Deva Brown Phuhathakarn, of Avondale, was sentenced in Waitakere District Court on 15 October after earlier pleading guilty to two representative charges of using a document.
The charges covered 23 applications Phuhathakarn made under the scheme between March 2020 and March 2021.
He received $125,103.20 paid into his bank accounts for nine of the applications.
The other 14 claims worth $33,976.40 were declined.
Phuhathakarn, who is a plasterer, made the claims under his own name or in the name of his company, Complete Plastering Solutions Limited (CPS).
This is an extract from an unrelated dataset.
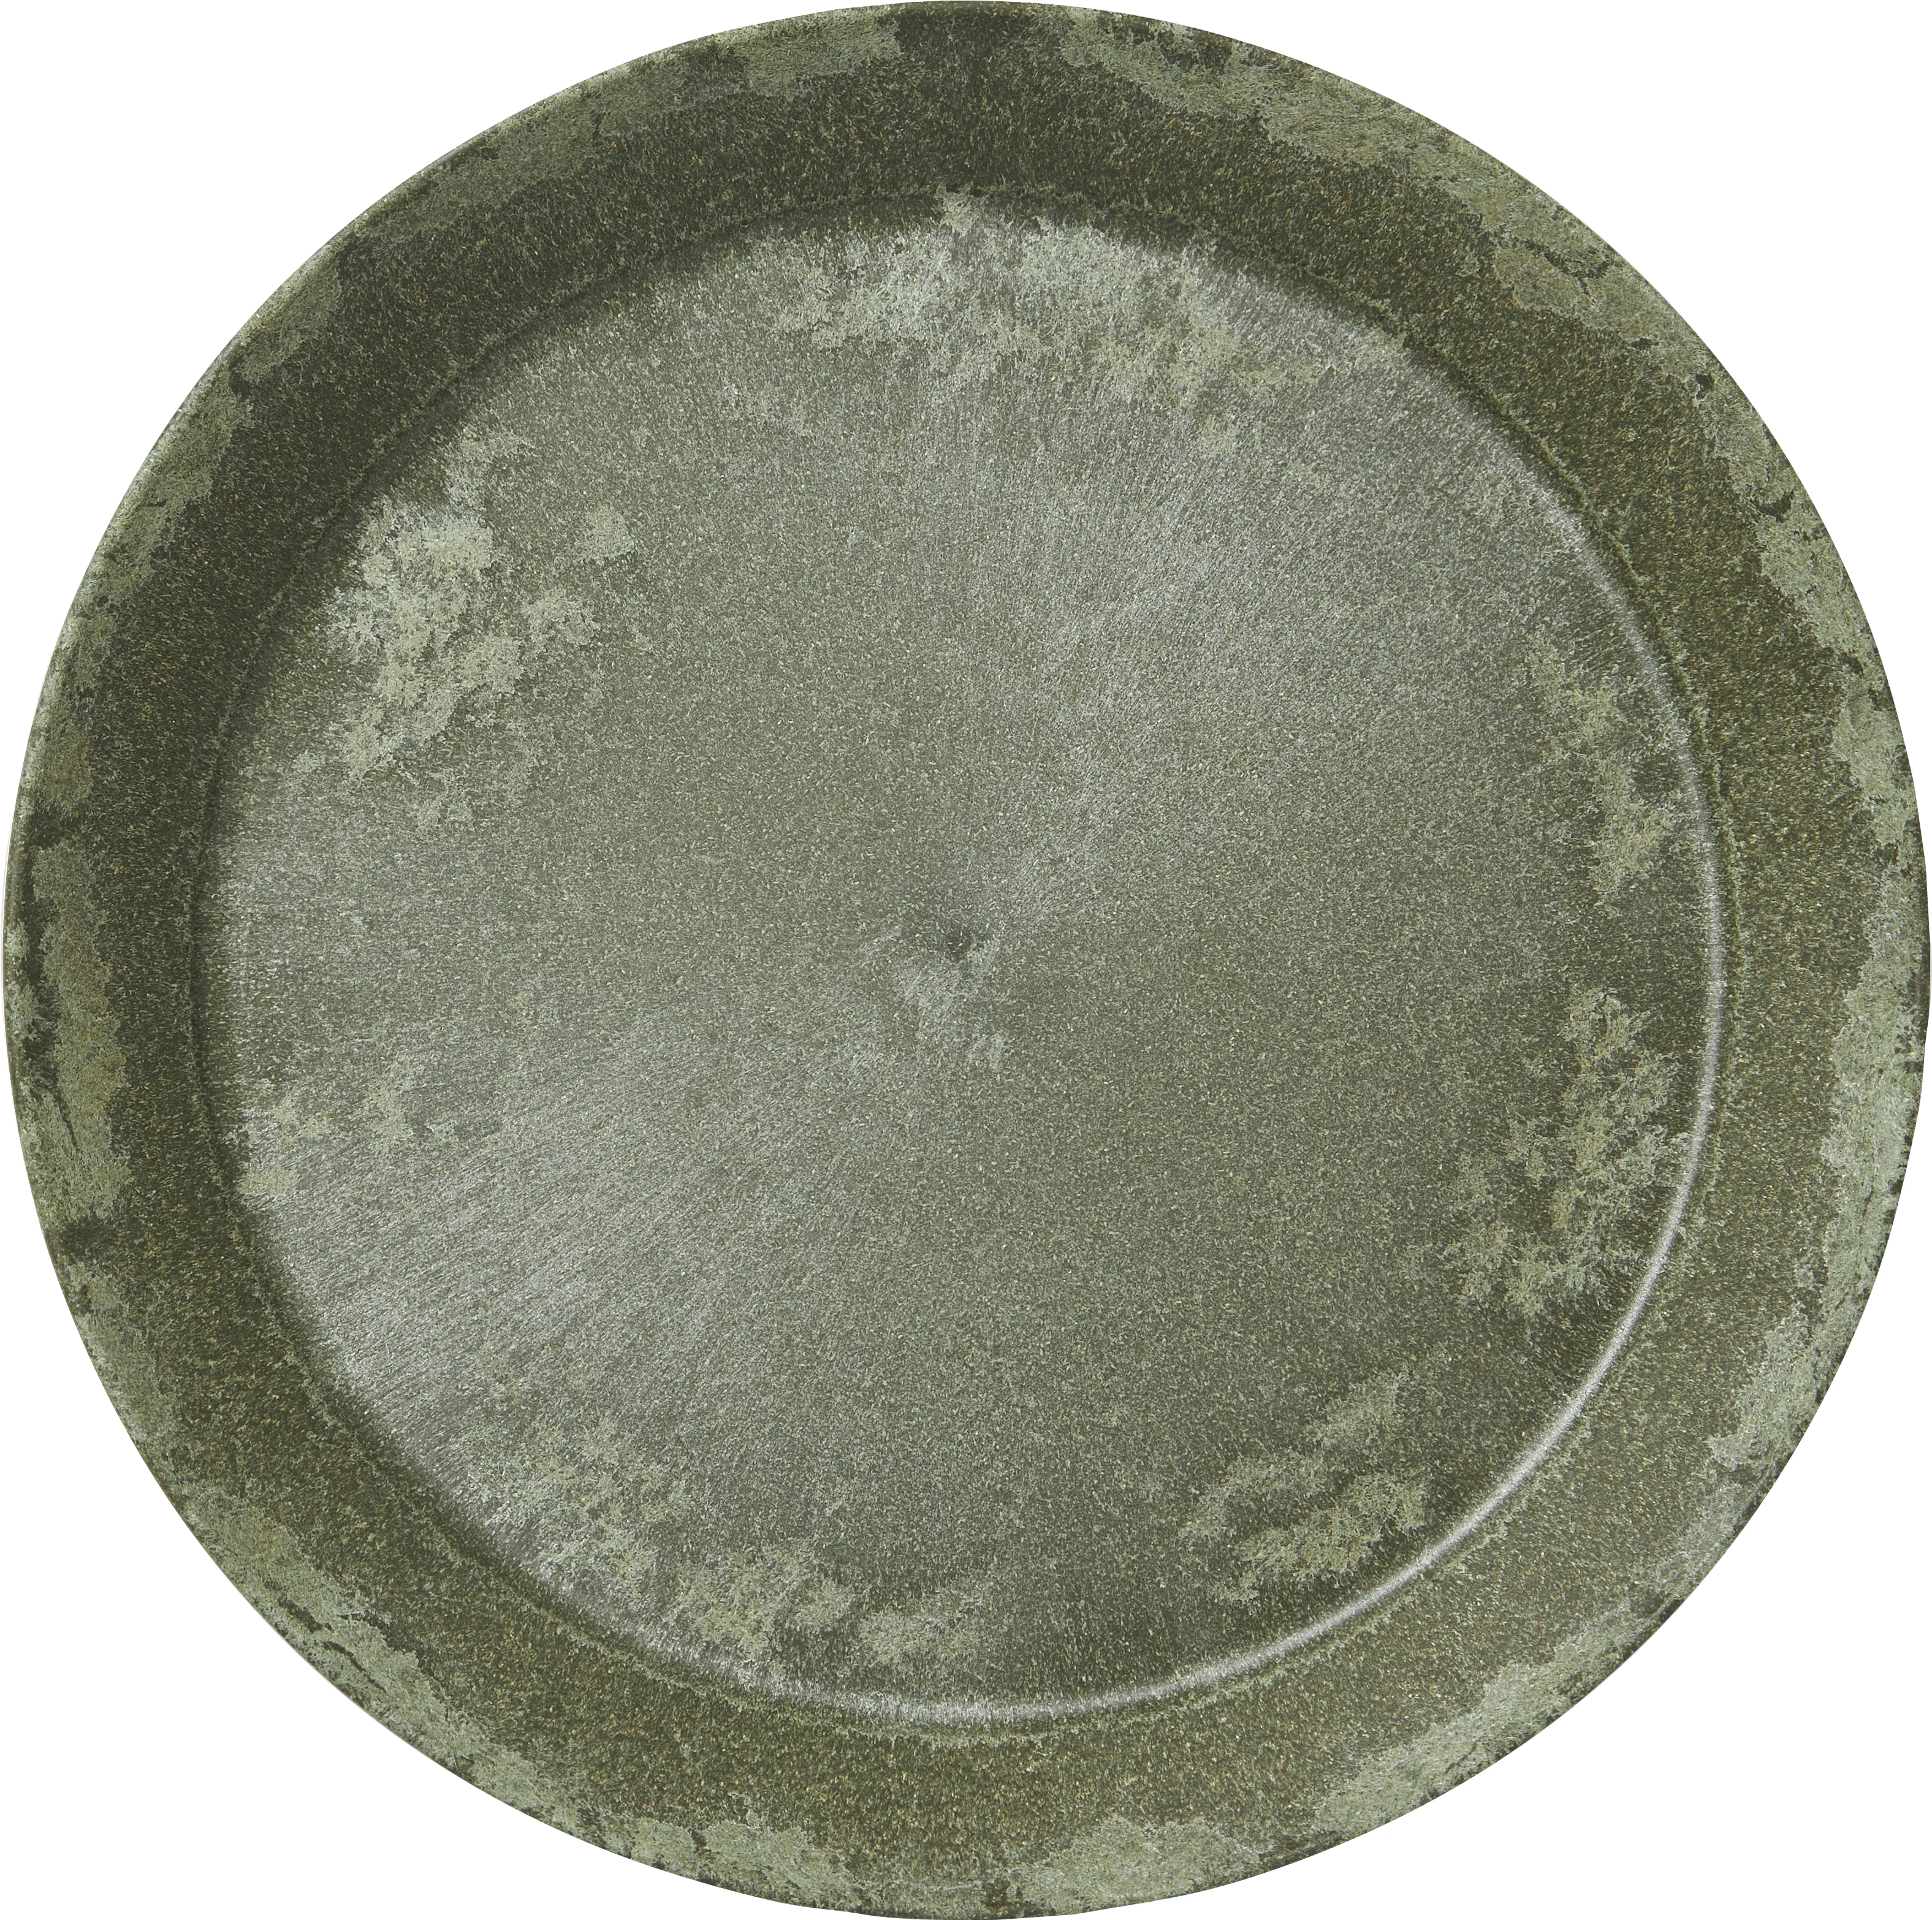 Luups tallerken uden fane, grøn, ø25 cm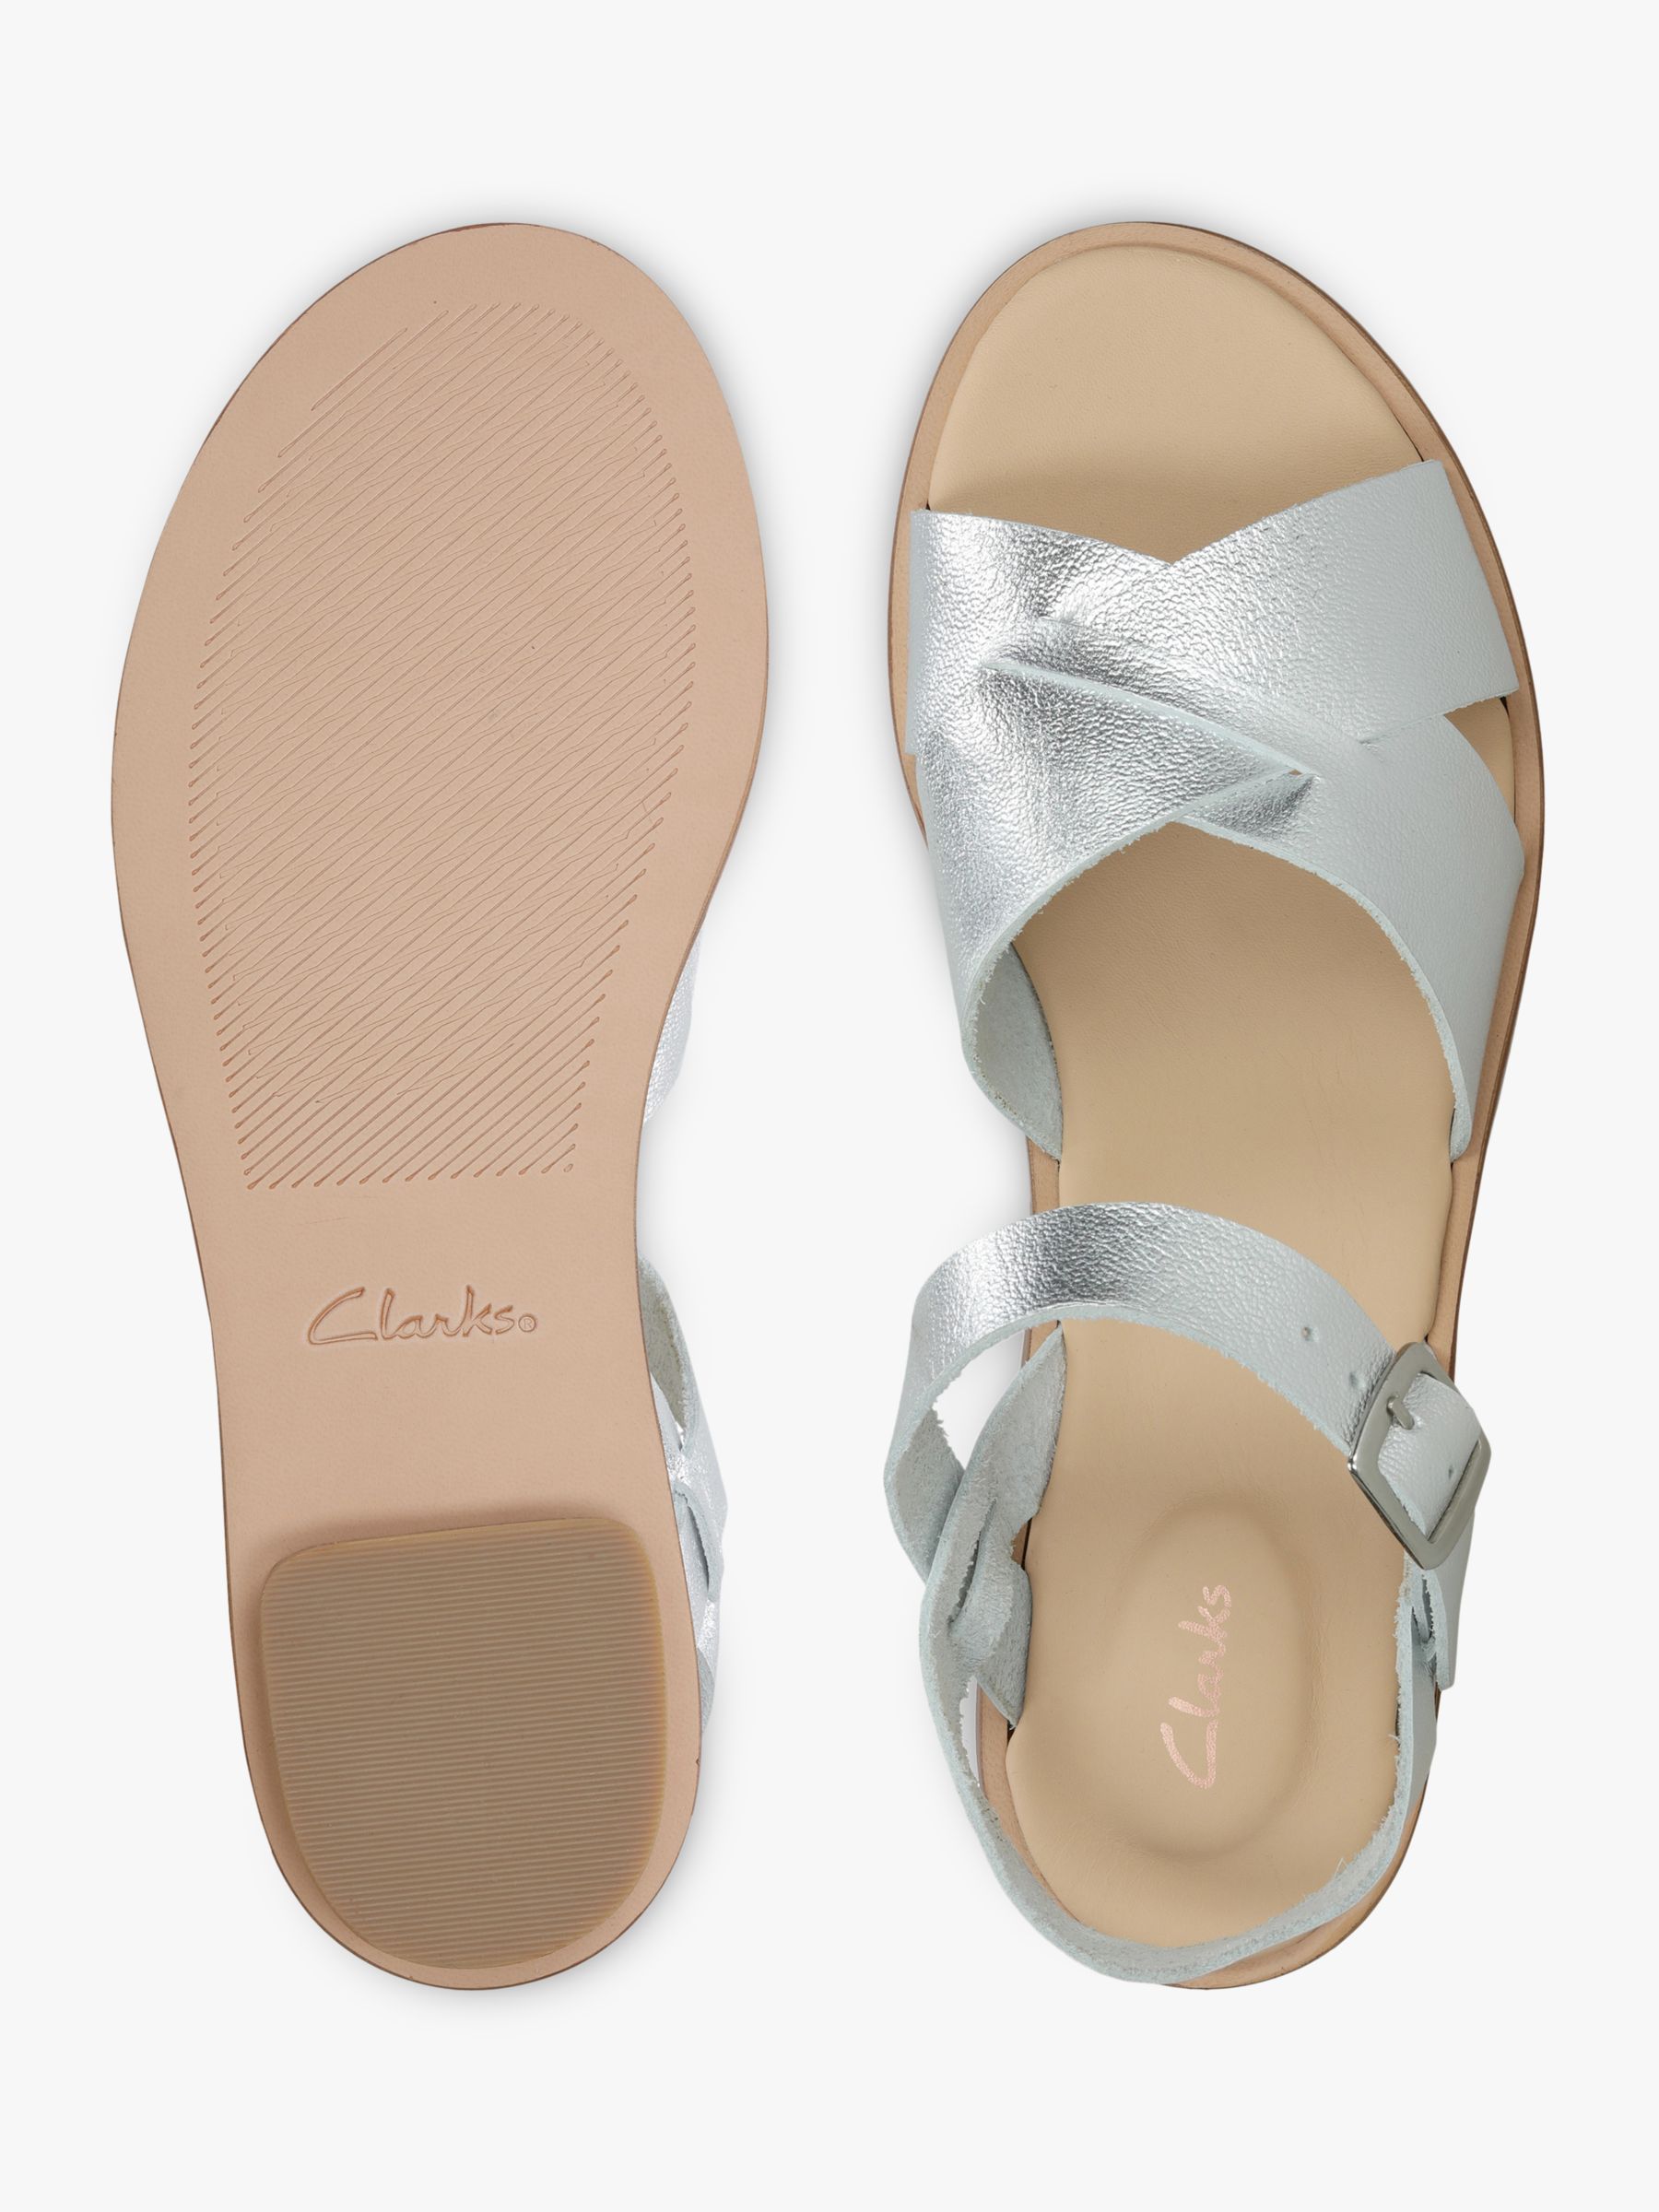 clarks women's spa leather flip flop

The applications were made as either a sole trader or as an employer. Some of the applications included lists of names of full-time employees, none of whom were employed by the business.
Phuhathakarn filed PAYE returns with Inland Revenue for multiple people named in the wage subsidy applications about the same time he submitted wage subsidy applications. He named those individuals as full-time employees, giving the wage subsidy applications an air of legitimacy.
Judge Andrée Wiltens noted the offending was deliberate and sustained, and cheated the system. Credit was given for guilty pleas but no other mitigations were found when reaching the final sentence.
A total of 53 people have been sentenced in wage subsidy cases, and another 51 people are still before the courts as part of MSD’s programme of work on wage subsidy fraud and integrity. Since the scheme started, more than $830 million* in wage subsidies has been repaid.